Task to carry out: What you return should be the complete data below, word for word, with no pictures in it.

Data block:
◆ ◆ ◆
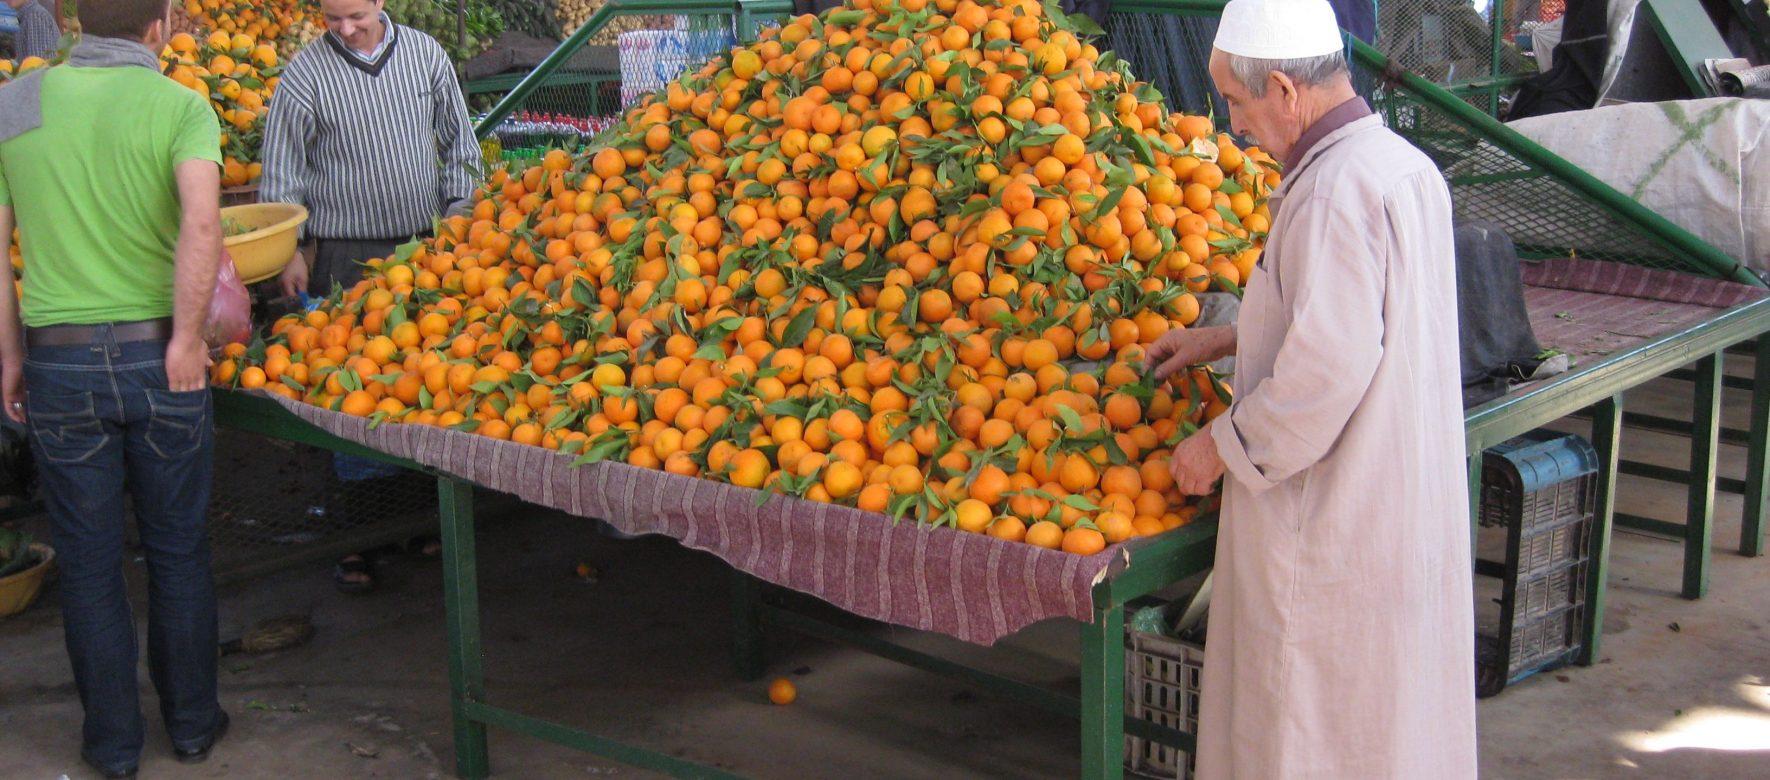 Maroc : La société Zalar Agri décroche un financement de 24 millions de $ pour développer ses exportations de fruits et légumes
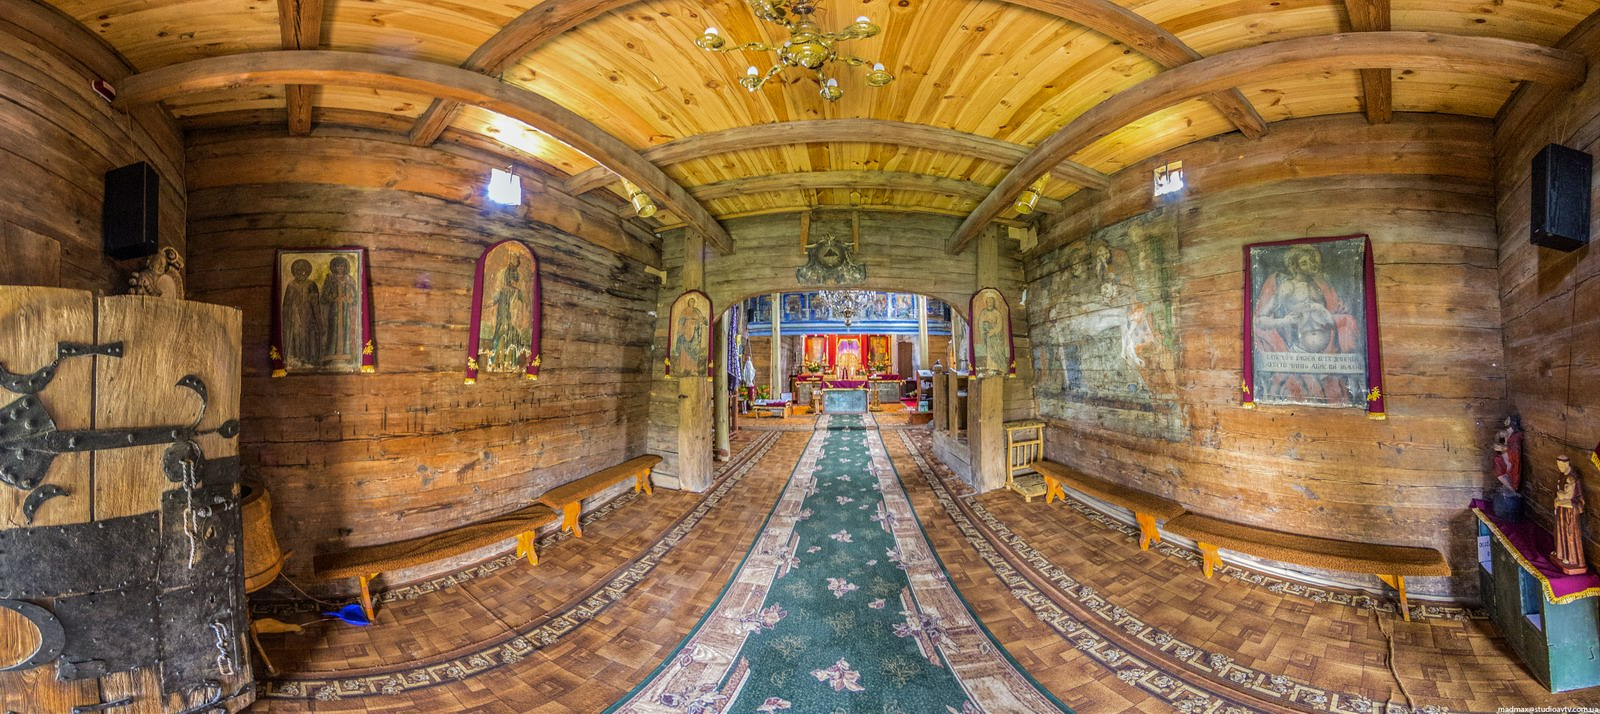 The Oldest Wooden Church In The Lviv Region 183 Ukraine
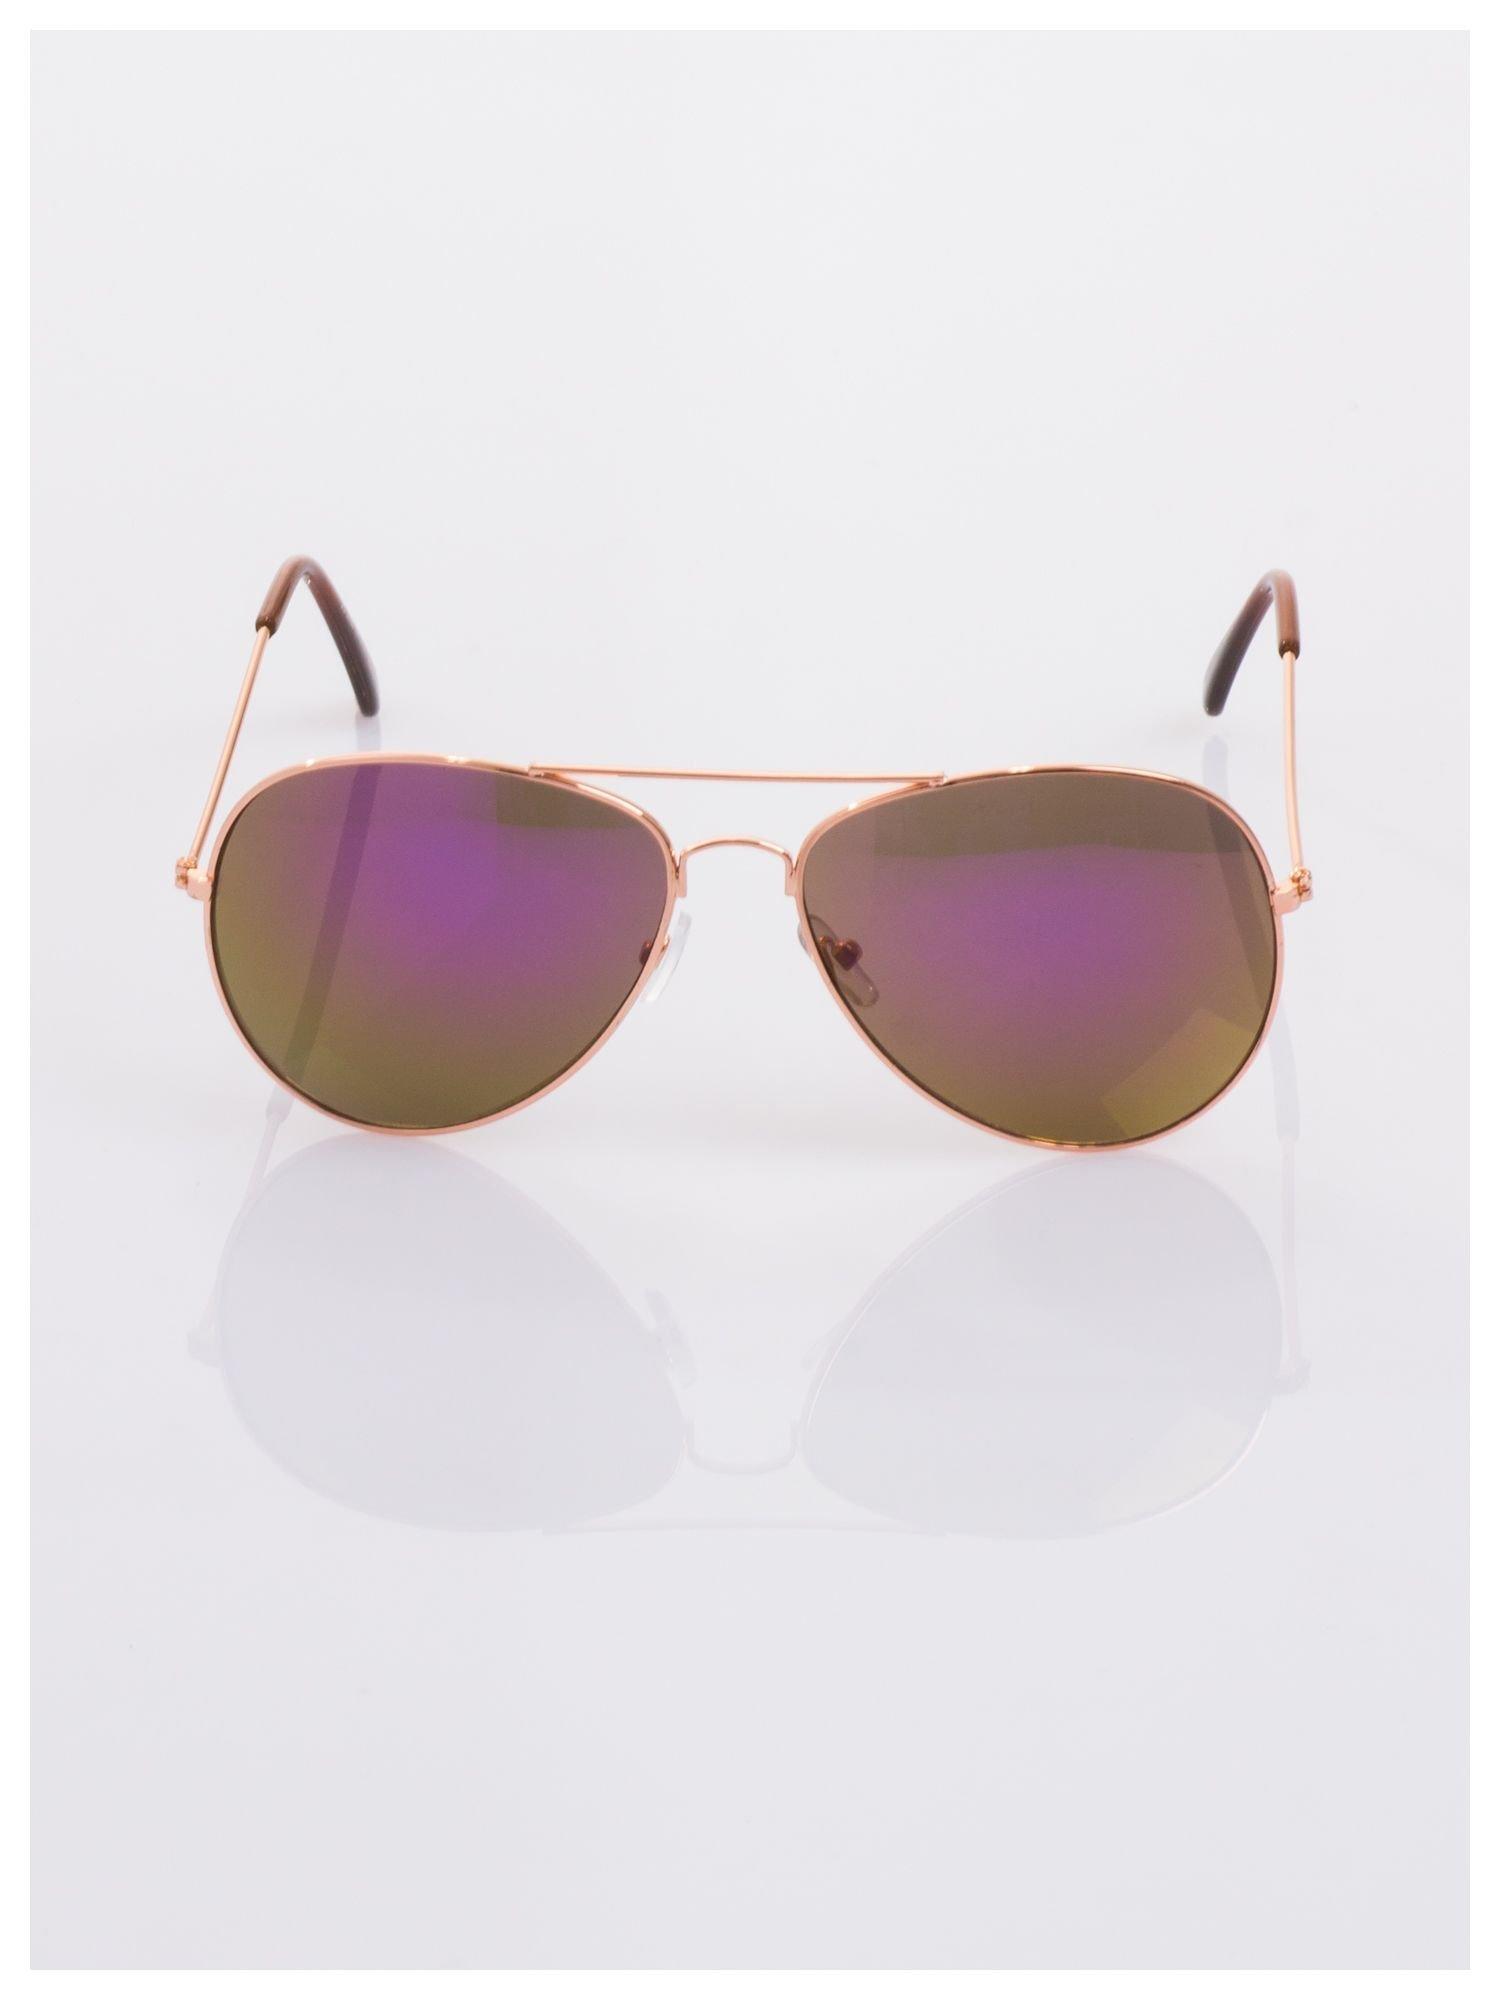 Fioletowe okulary przeciwsłoneczne pilotki AVIATORY                                  zdj.                                  4
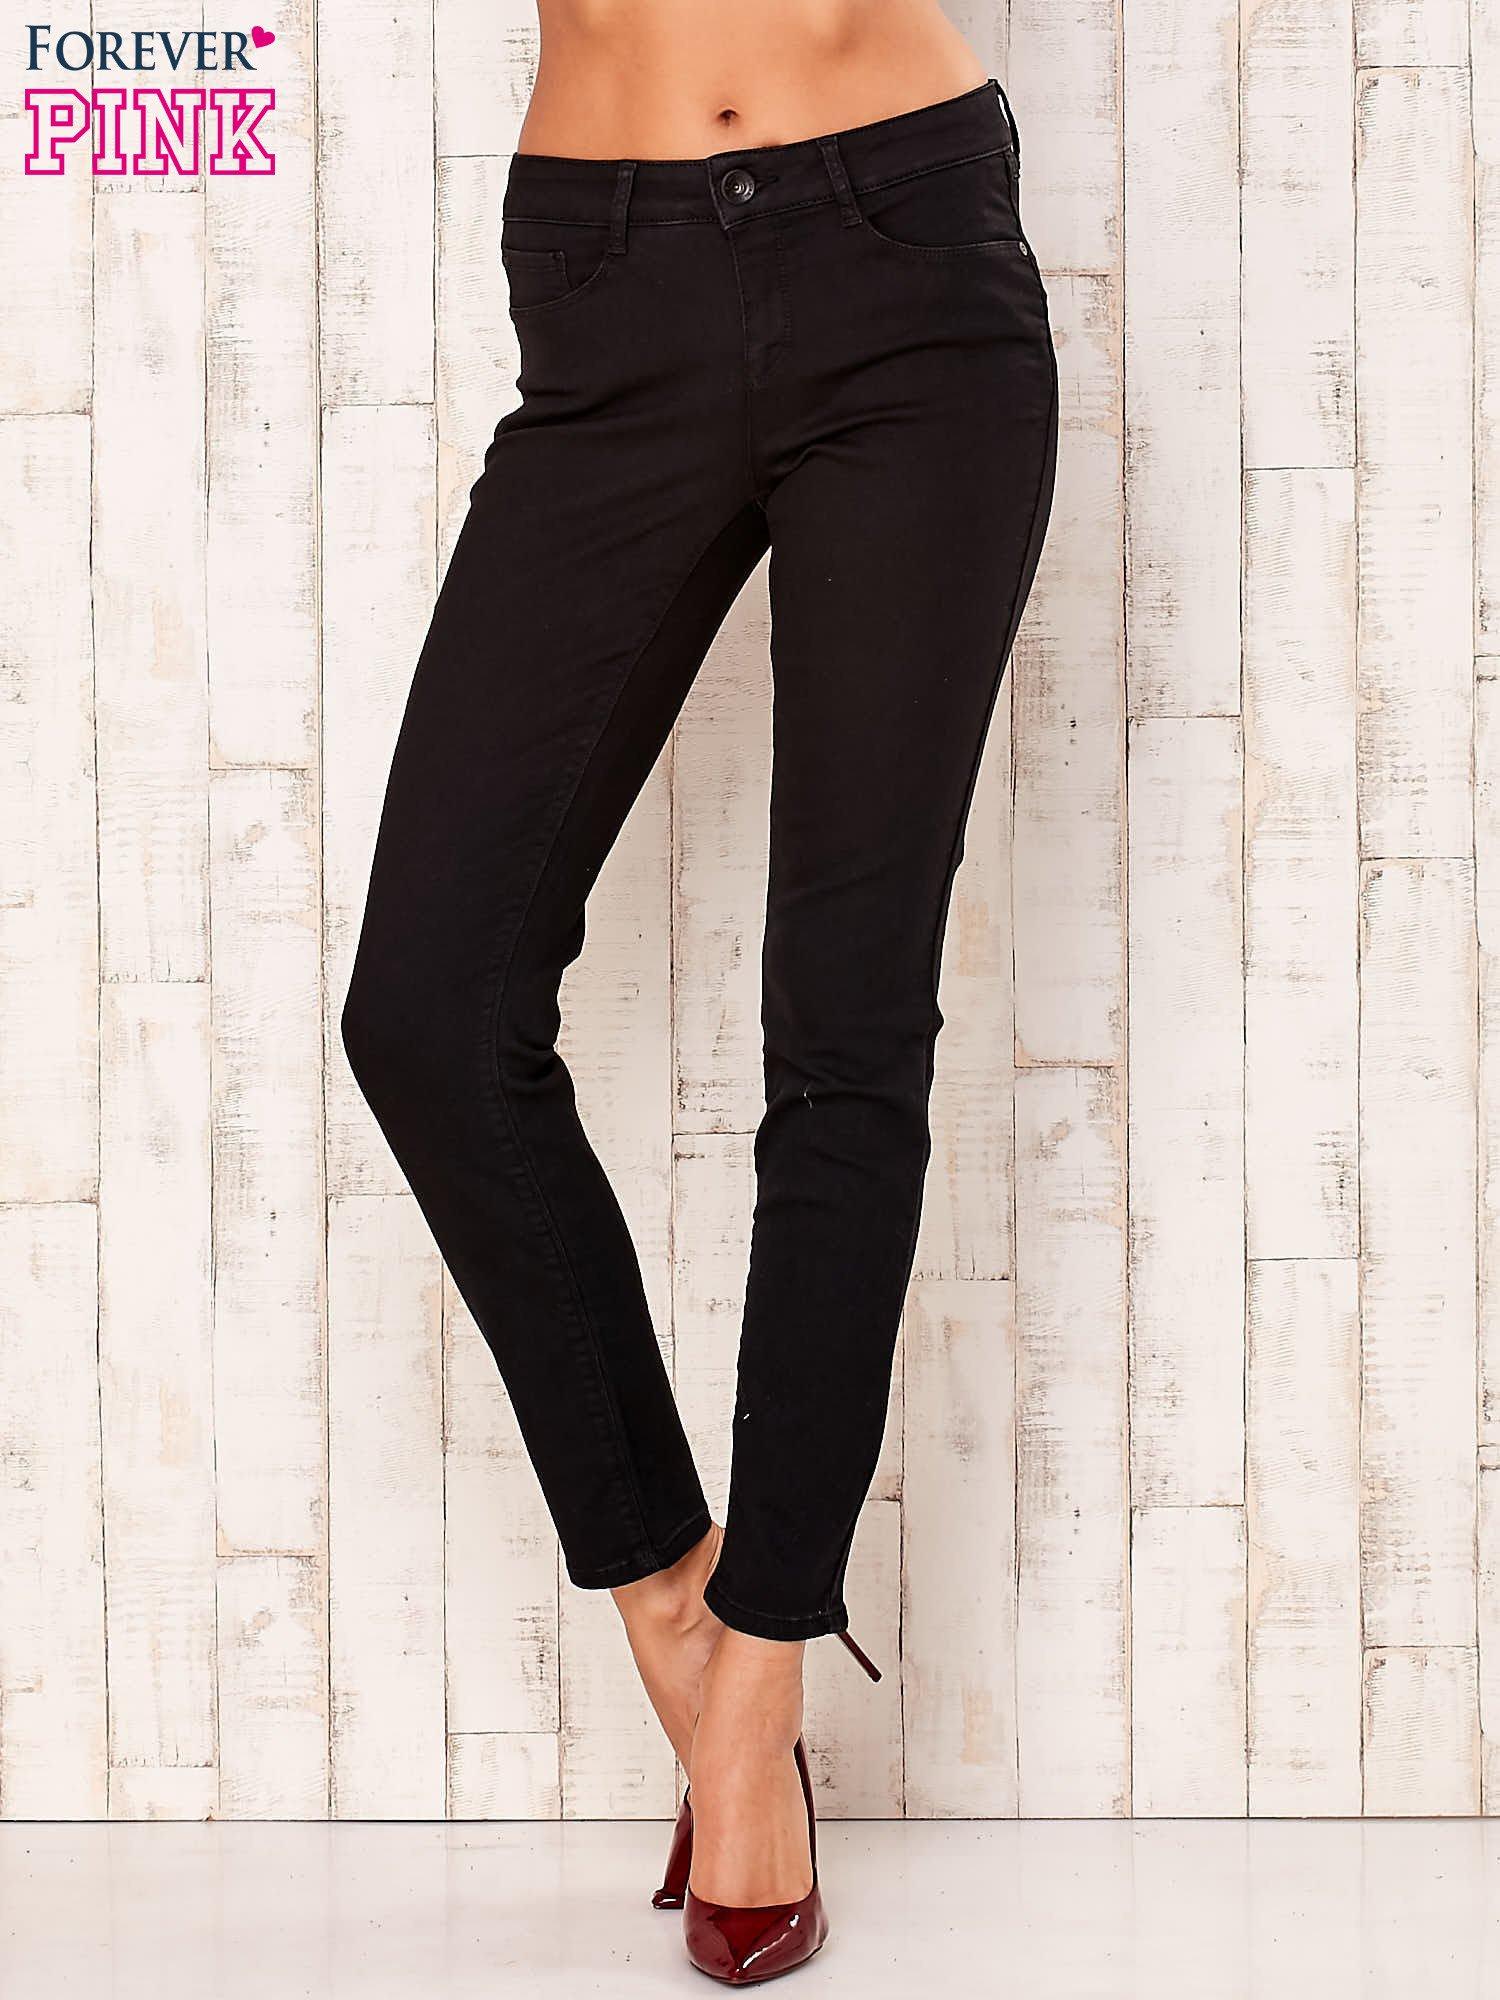 Czarne proste spodnie                                   zdj.                                  1
◆ ◆ ◆
Response:
 Maroc : La société Zalar Agri décroche un financement de 24 millions de $ pour développer ses exportations de fruits et légumes
 The Oldest Wooden Church In The Lviv Region 183 Ukraine
 Fioletowe okulary przeciwsłoneczne pilotki AVIATORY                                  zdj.                                  4
 Czarne proste spodnie                                   zdj.                                  1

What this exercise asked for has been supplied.